Tony proved that a magically enhanced physical body was still no match for superior technology. He directly delivered a punch straight to Piledriver's nose, flooring him, and then boasted to Peter, "It turns out that World War II veteran combat training is actually quite useful, isn't it, kid?"

"Does Captain America know Wing Chun..."

"Uh, no, but I do. I'm a huge fan of Bruce Lee. I even own a Bruce Lee T-shirt..."

Before the two of them could even begin discussing how to handle these four comedians and how to deal with that un-liftable crowbar, they suddenly heard a familiar voice shouting, "Avengers! We're here to help you!" as a group charged inside.

Looking closely, it turned out to be four superheroes dressed in bright, colorful outfits. The newcomers were actually Carol and the Ultimates she led—Ms. Marvel, War Machine, Patriot, and Ares.

Huh?
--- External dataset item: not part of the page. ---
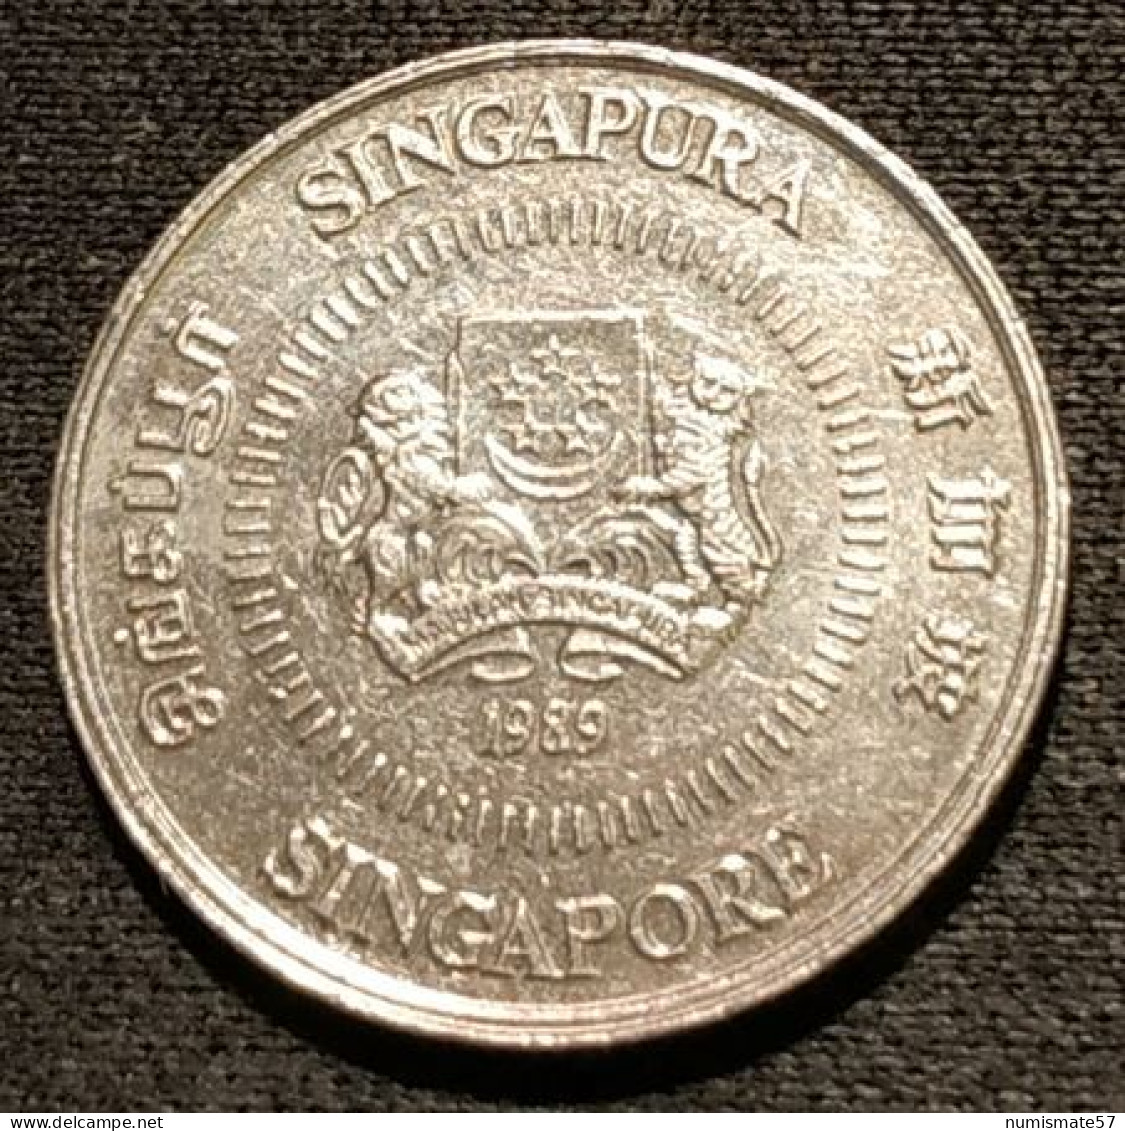 SINGAPOUR - SINGAPORE - 10 CENTS 1989 - KM 51 - ( Blason Haut ) - Singapur

How did the recruitment loop around to Ares after all those twists and turns?

While Peter was still bewildered, Colonel Rhodes opened his faceplate and walked over to get chummy with Tony: "I originally wanted to ask how you were holding up, pal, but... looks like everything's under control now."

"Yeah, I'm fine." Tony looked toward the other members of the Ultimates. "How did you guys get here so fast? I almost didn't get to finish off these four comedians myself."